===== Supplied information =====
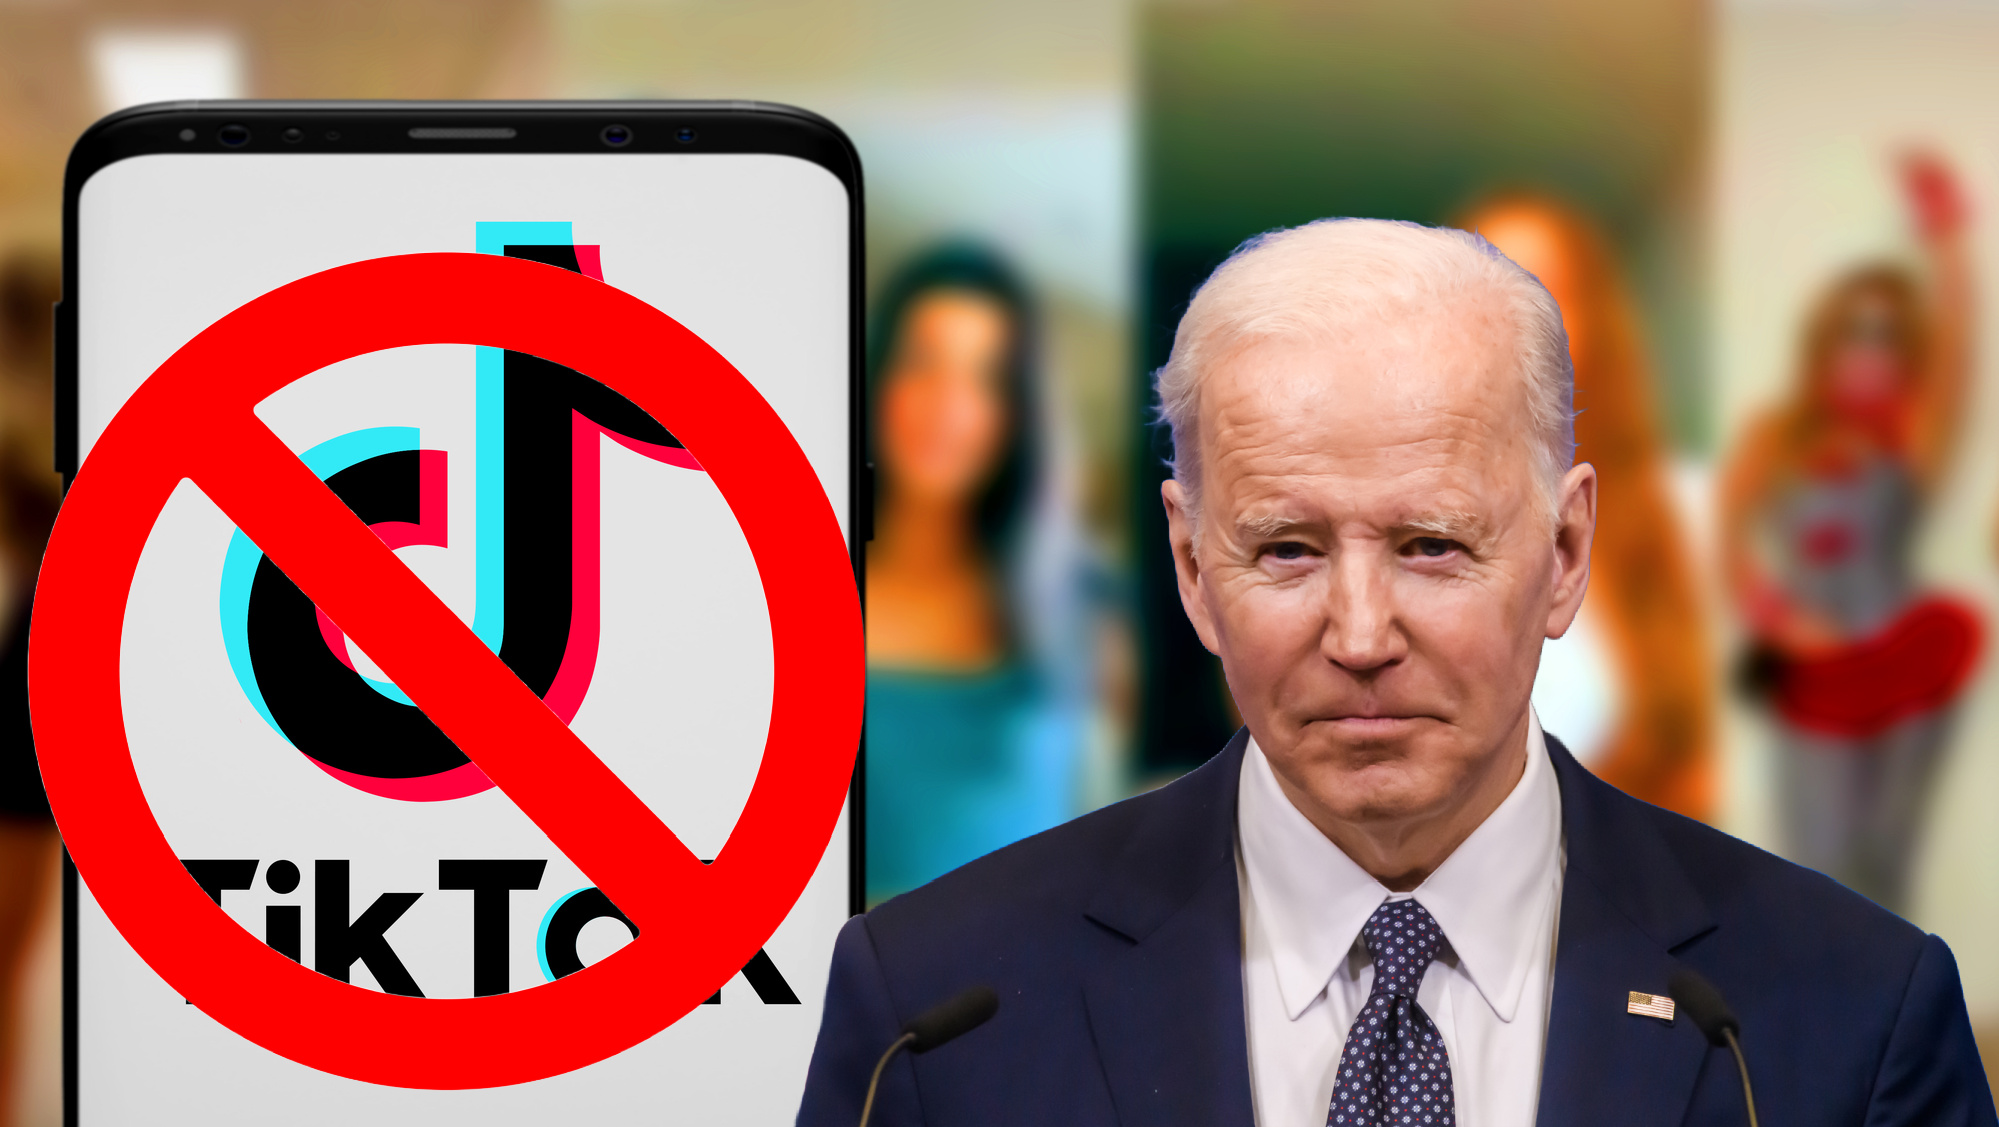 President Biden Has Just Signed The Bill Banning TikTok
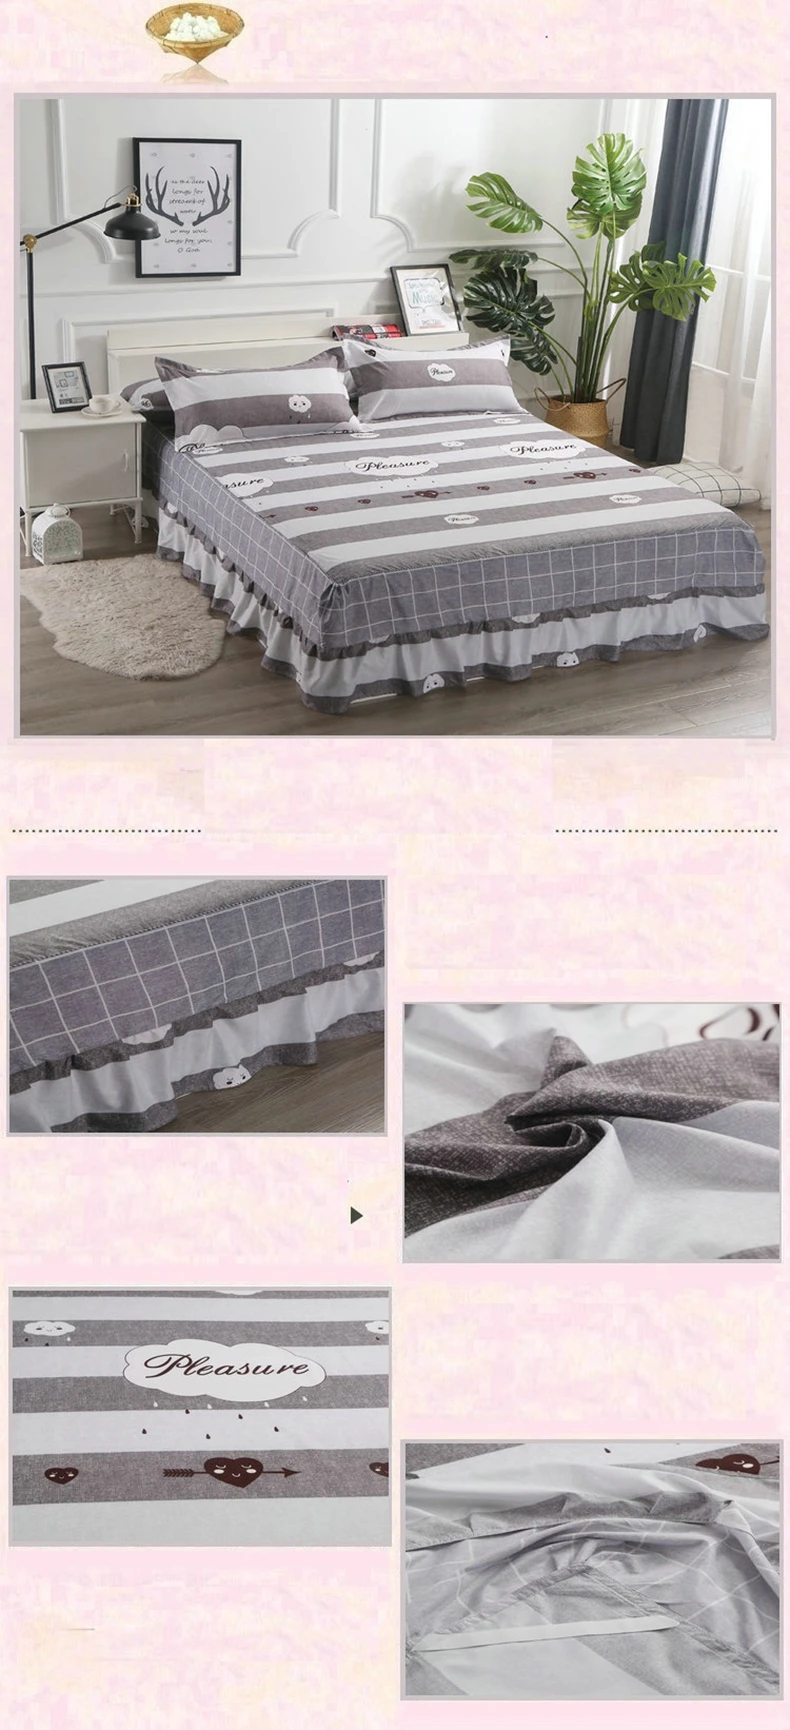 Полиэфирная юбка для кровати, эластичный чехол для матраса, юбки для кровати, цветочный узор, покрывало, постельное белье, размер King/queen
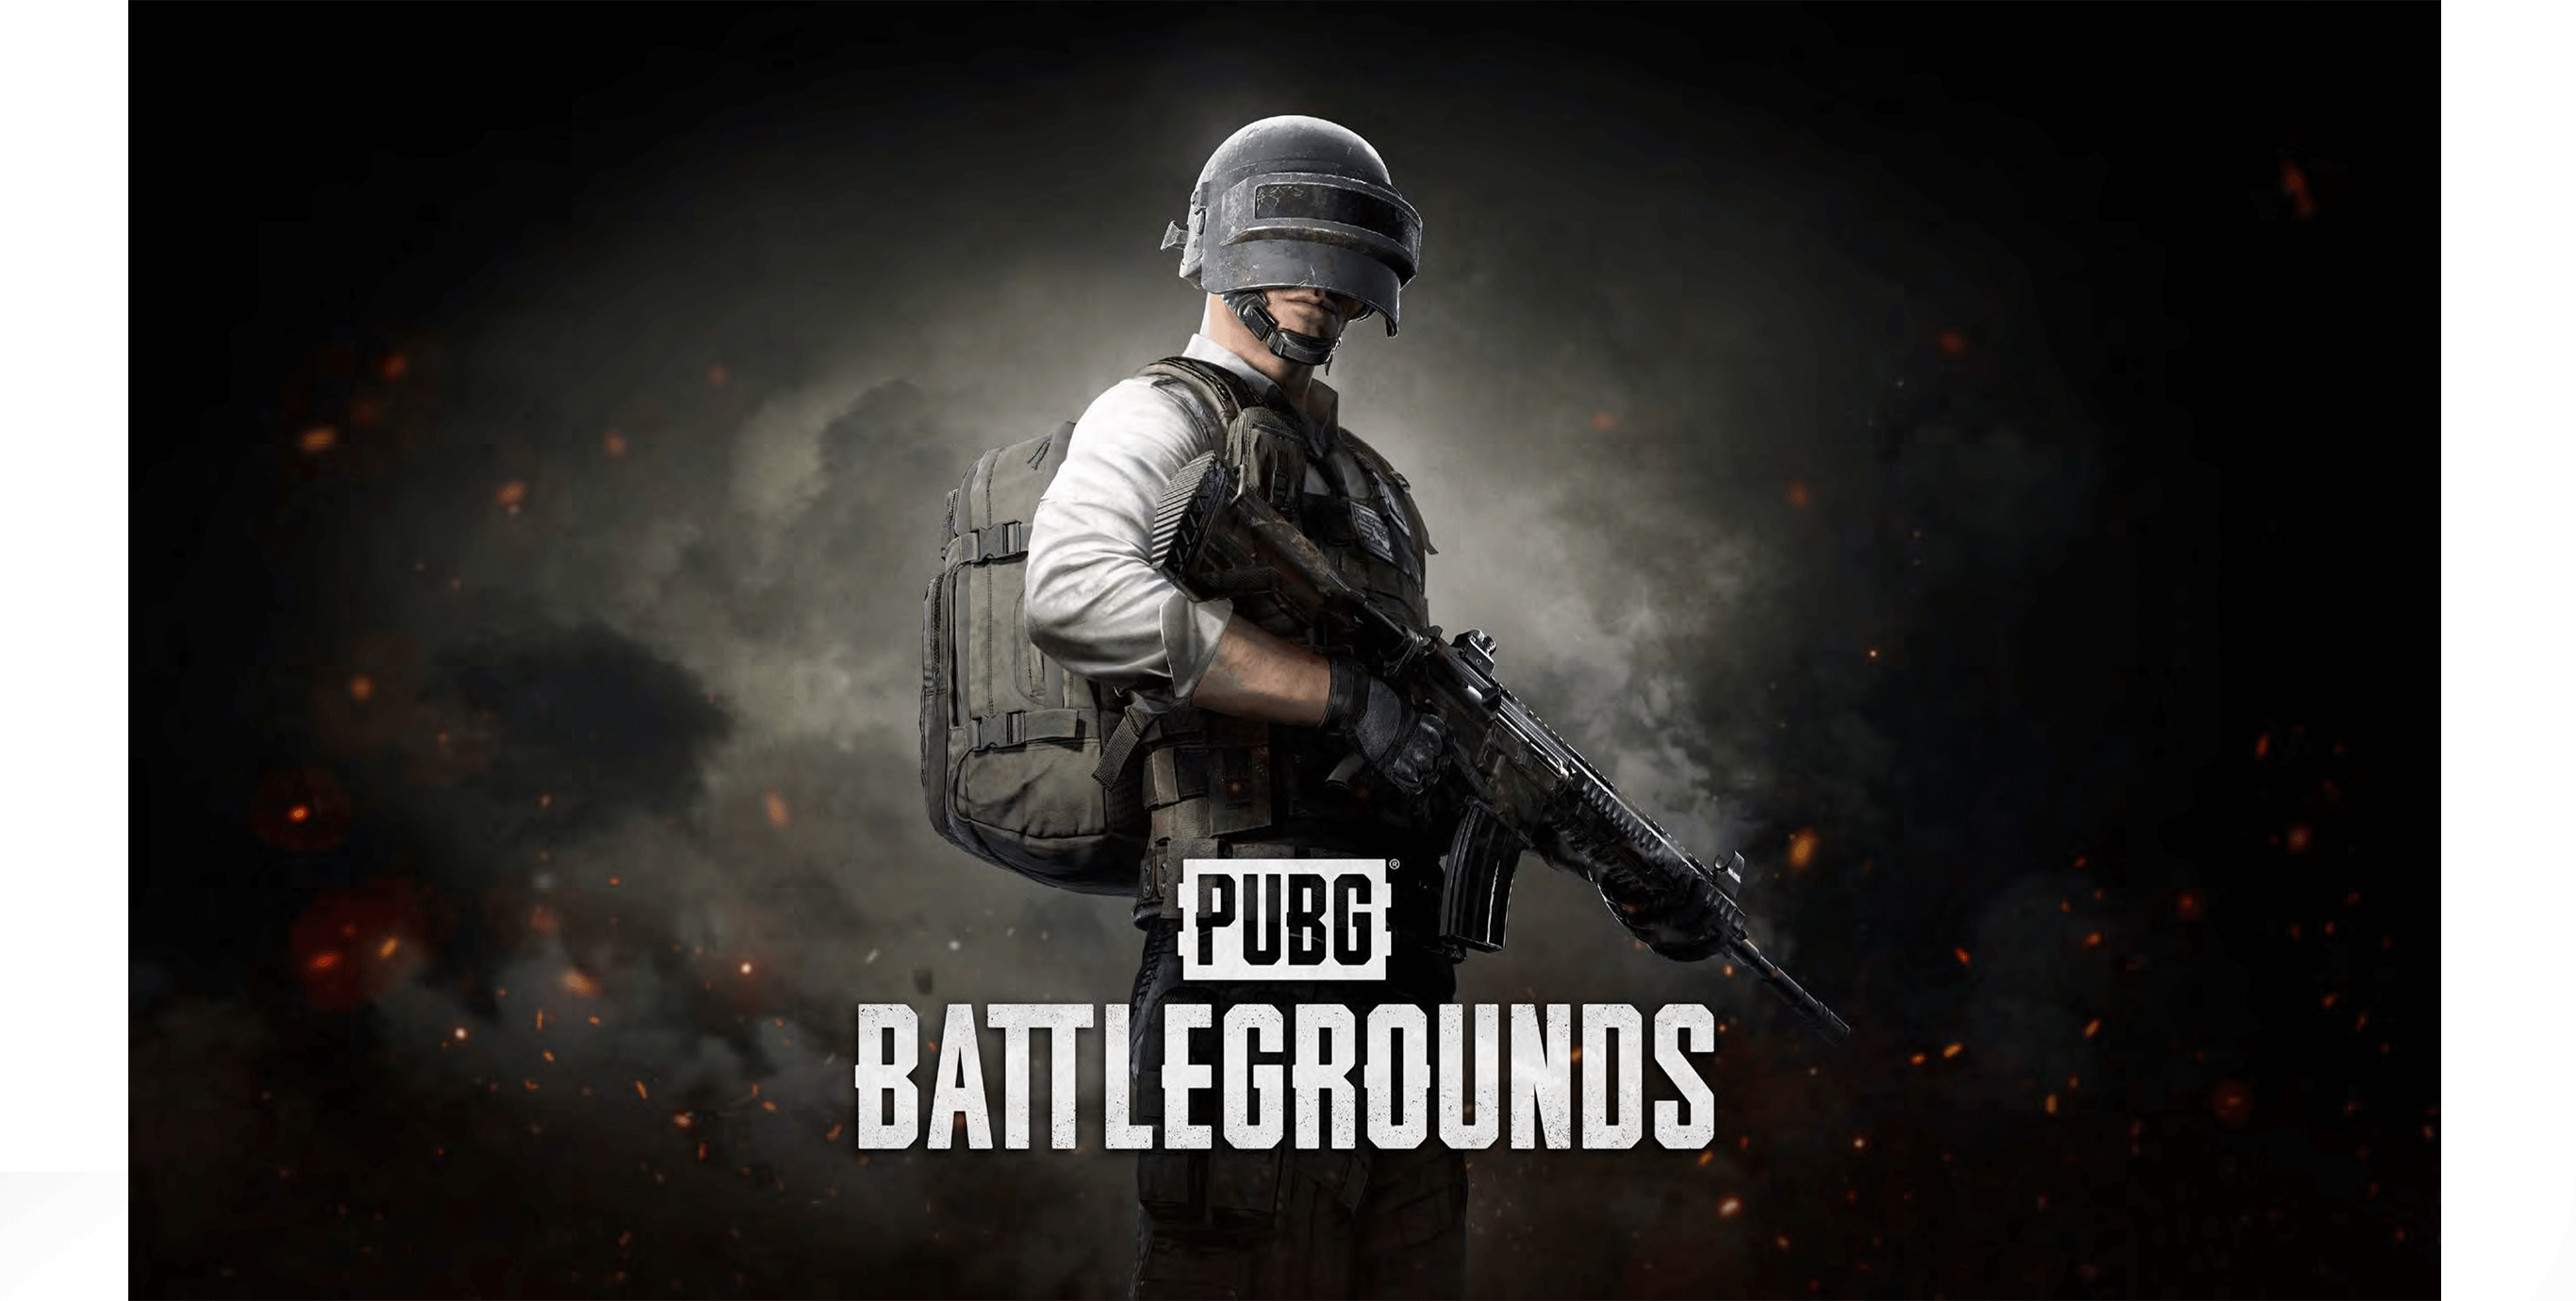 PUBG Battlegrounds cover art
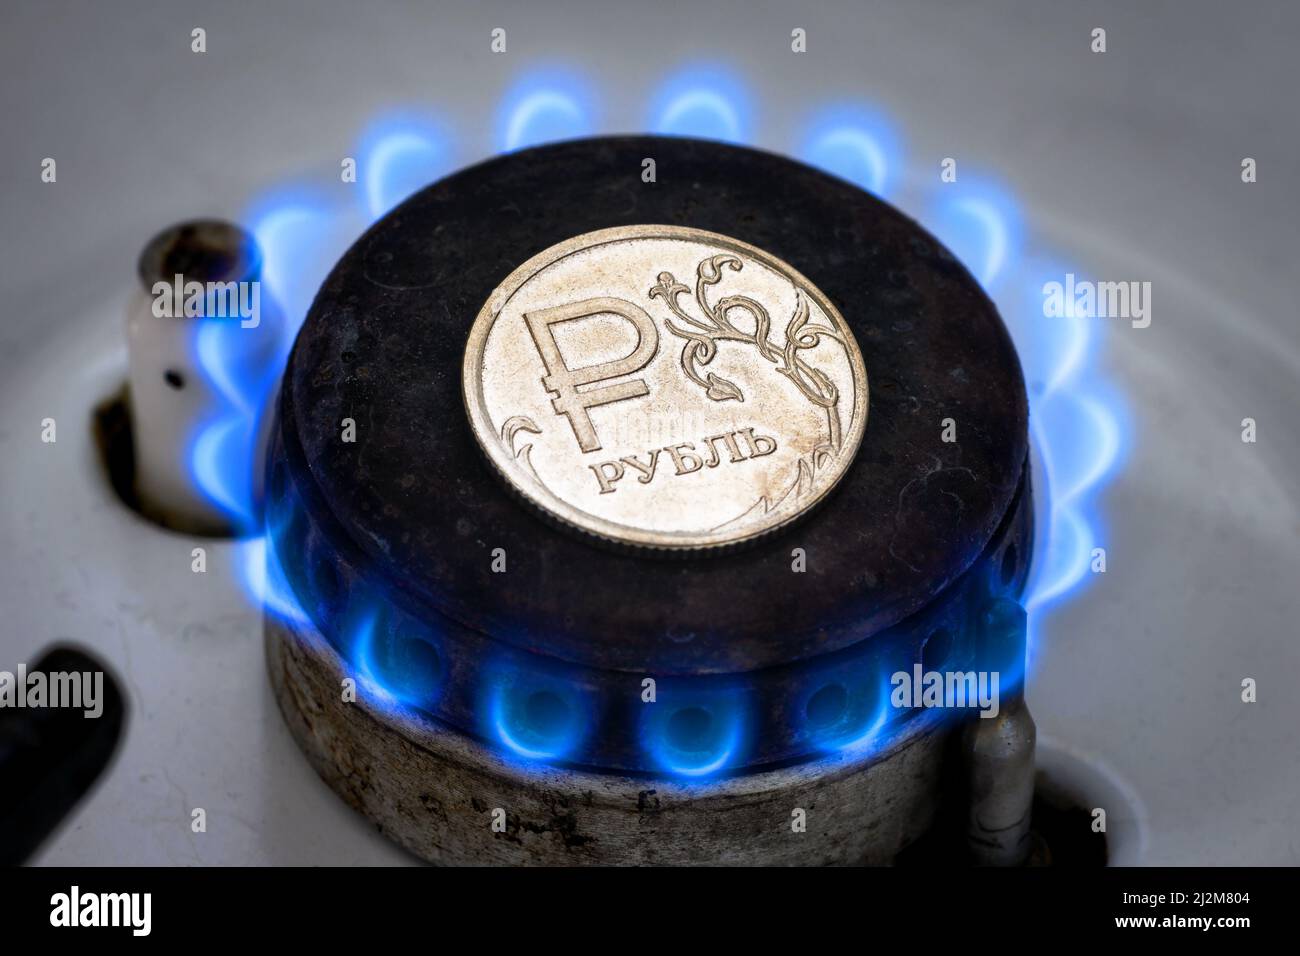 Brûleur à gaz et pièce de rouble, argent russe sur cuisinière à gaz à la maison. Flamme de propane naturel et monnaie rouble. Concept de l'économie de la Russie et de l'Europe, Gas co Banque D'Images
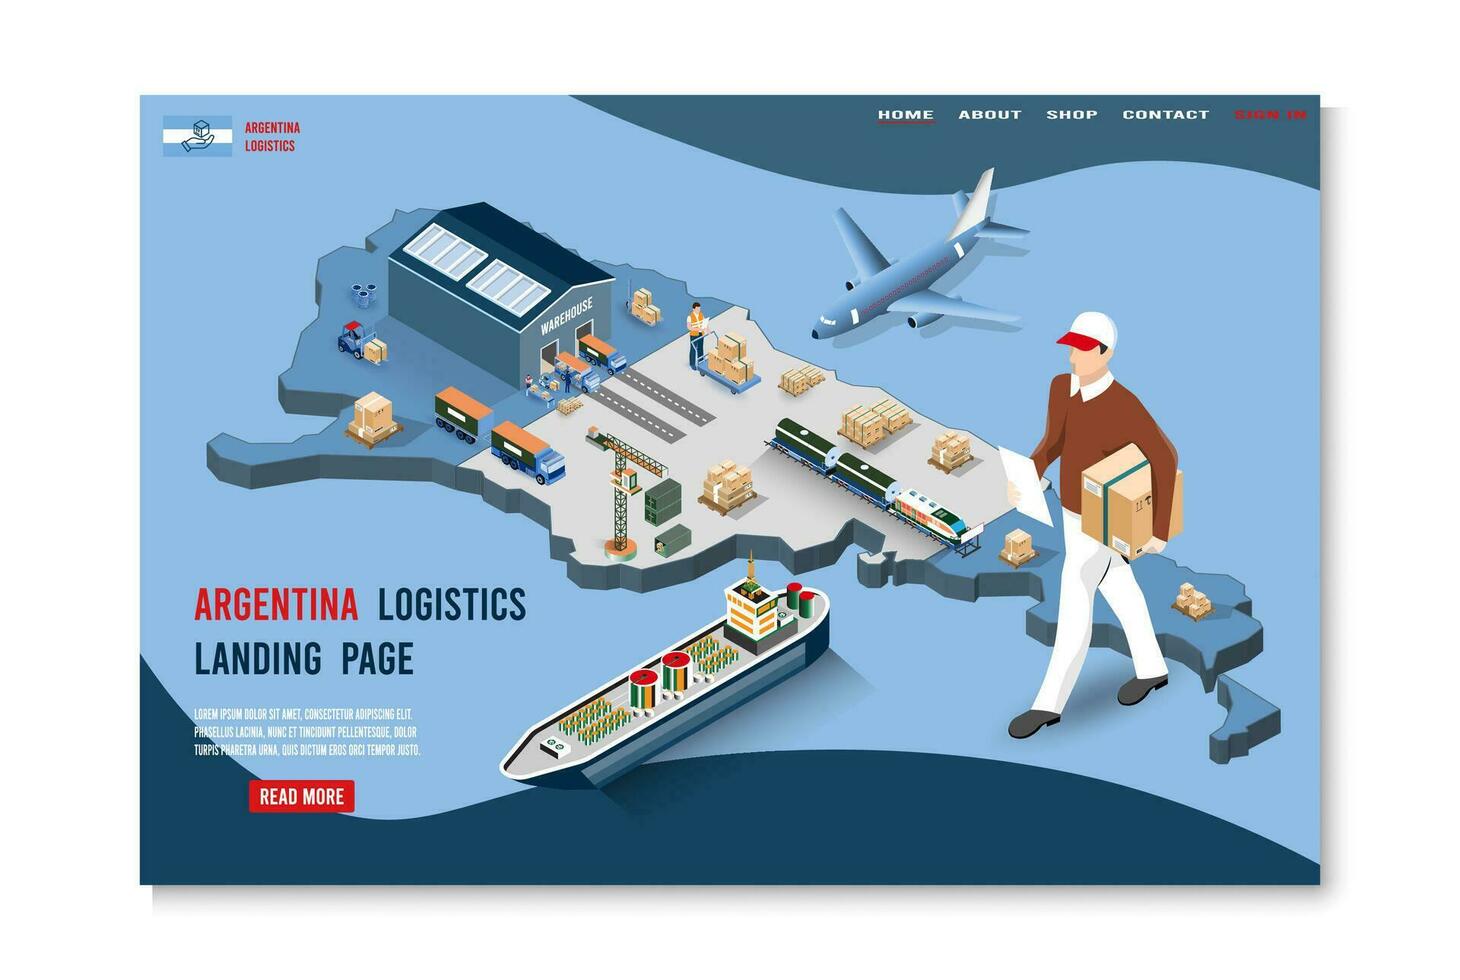 moderno isométrico conceito do Argentina transporte com global logística, armazém logística, mar frete logística. fácil para editar e customizar. vetor ilustração eps10
=====
**Assigned task:** For this exercise, transcribe the data above line by line, exactly, with pictures omitted.

**Answer to this exercise:**
 President Biden Has Just Signed The Bill Banning TikTok
 Полиэфирная юбка для кровати, эластичный чехол для матраса, юбки для кровати, цветочный узор, покрывало, постельное белье, размер King/queen
 PUBG Battlegrounds cover art
 Brûleur à gaz et pièce de rouble, argent russe sur cuisinière à gaz à la maison. Flamme de propane naturel et monnaie rouble. Concept de l'économie de la Russie et de l'Europe, Gas co Banque D'Images
 moderno isométrico conceito do Argentina transporte com global logística, armazém logística, mar frete logística. fácil para editar e customizar. vetor ilustração eps10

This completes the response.